Chili and scalloped potatoes

are two things I can never cook.  You would think I would have given up by now, but no, I keep trying!  The only time the scalloped potatoes worked out was when my mom was over, instructing me step by step.  I’ve tried making it the same way without her, and its just not the same.

But I had red lentils in my pantry and when I googled for a recipe, I got this recipe:

Red Lentil Bean Chili

  • 1 tsp. vegetable oil
  • 5 cloves garlic, minced
  • 1 jalapeno pepper, seeded, stemmed and diced
  • 2 cups dried red lentils
  • 8 ounces ground sirloin
  • 4 tablespoons chili powder
  • 2 teaspoons ground cumin
  • 1 teaspoon paprika
  • 1 teaspoon dried thyme
  • 29 ounce can tomato puree
  • 2 cups water
  • 2 tablespoons balsamic vinegar (I used it, but I can’t really taste it)
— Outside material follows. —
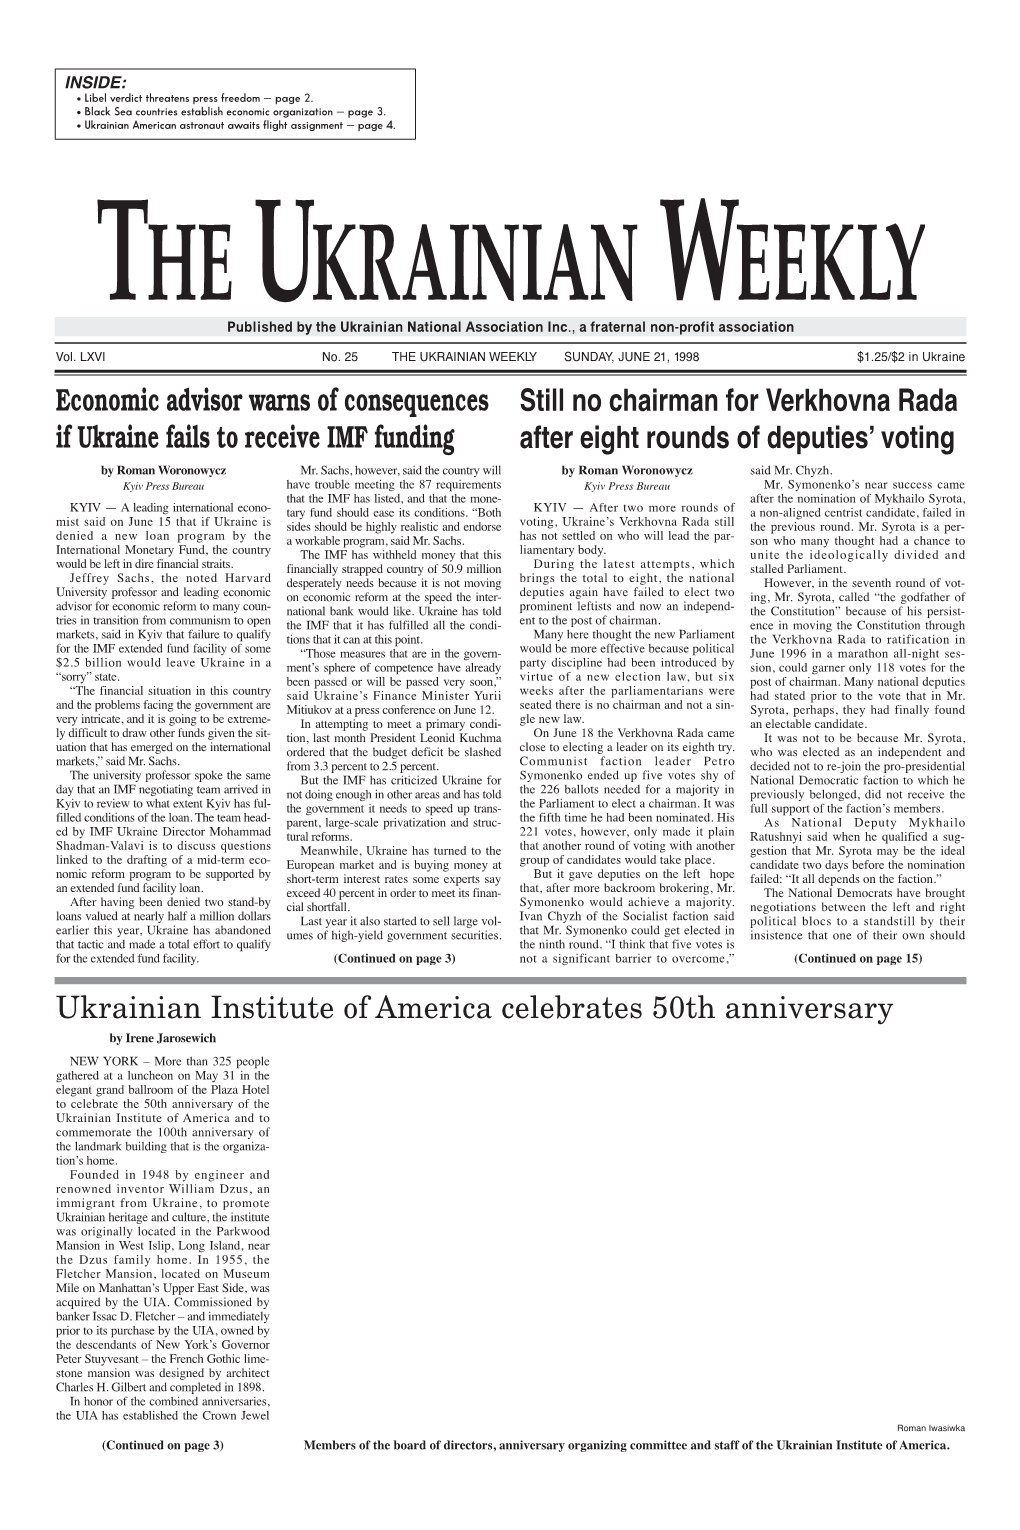 The Ukrainian Weekly 1998, No.25
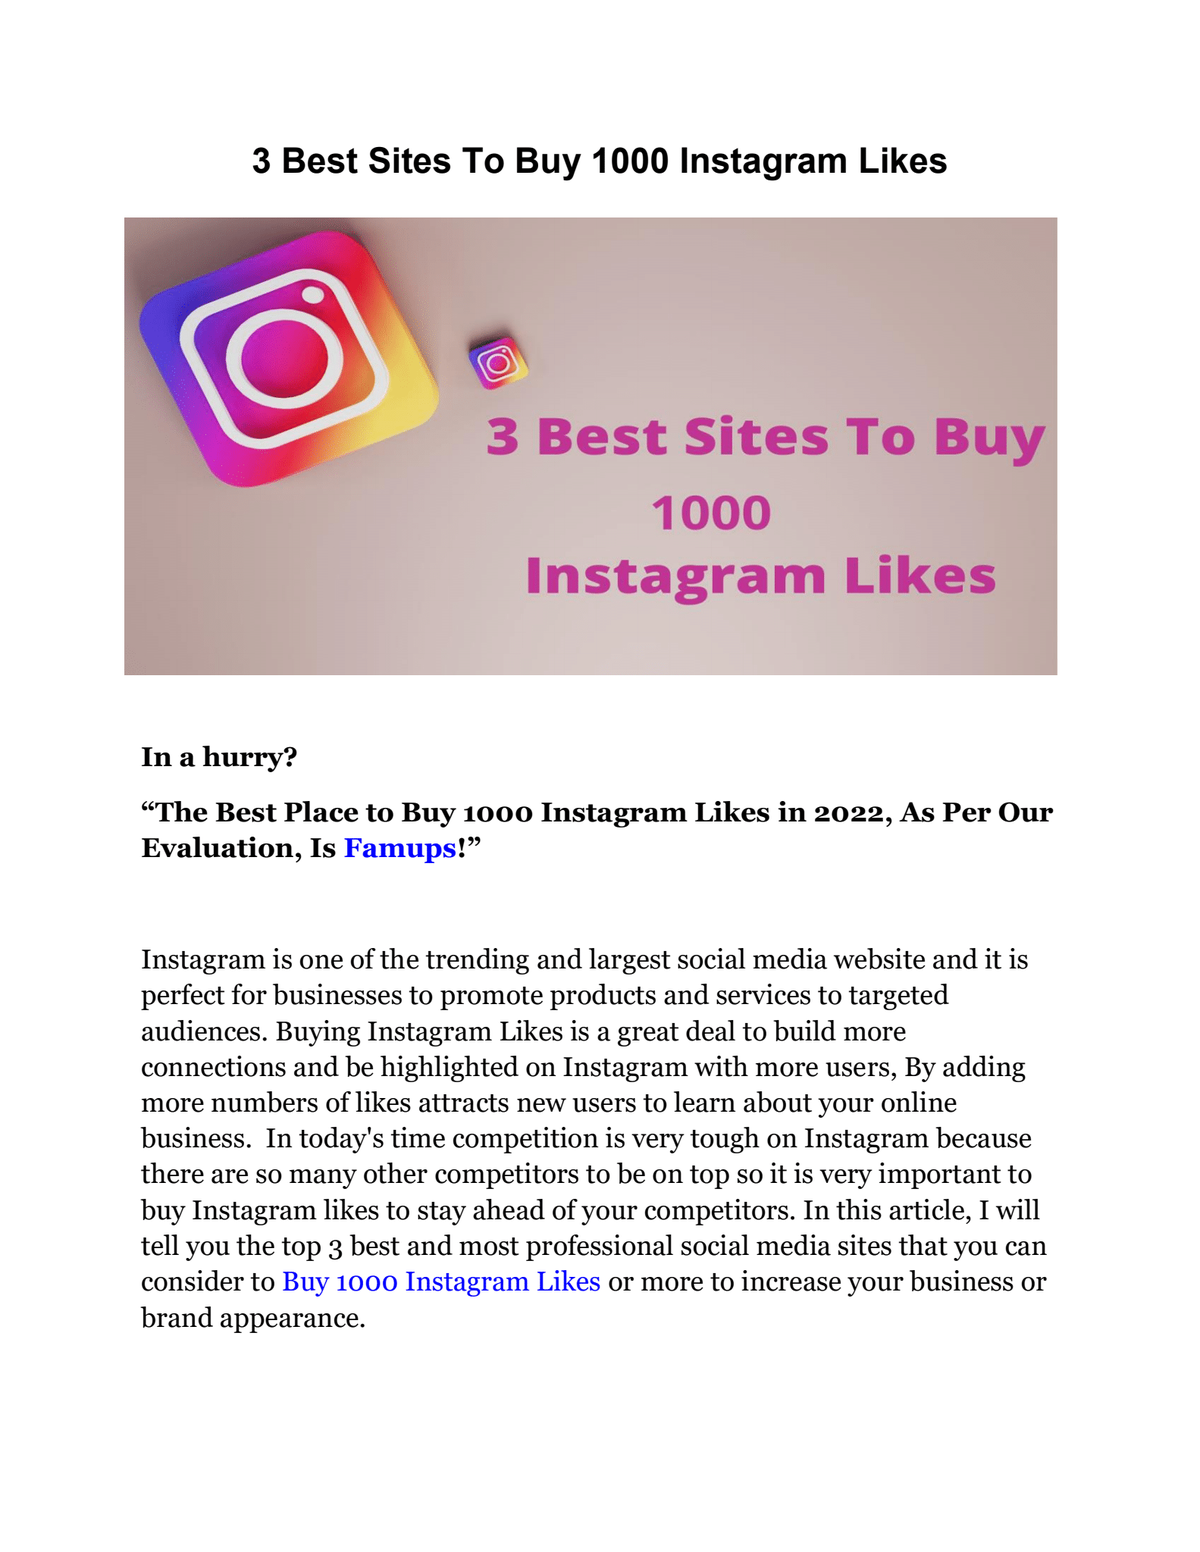 Dropbox - 3 Best Sites To Buy Instagram Followers.pdf - Simplify your life

Heat vegetable oil in stock pot and add garlic and jalapeno and cook for 1 minute.  Stir in lentils and ground beef and seasonings.  When spices have toasted and released some of their aroma add tomato puree, water and vinegar to stock. 

Now the recipe said to cook and stir undr low heat for 25 minutes, adding water if necessary.  I ended up adding about 2 cups more water and cooking it for 60 minutes, until the beans were no longer crunchy.

The verdict – VERY GOOD.  Probably the best chili I’ve made to date.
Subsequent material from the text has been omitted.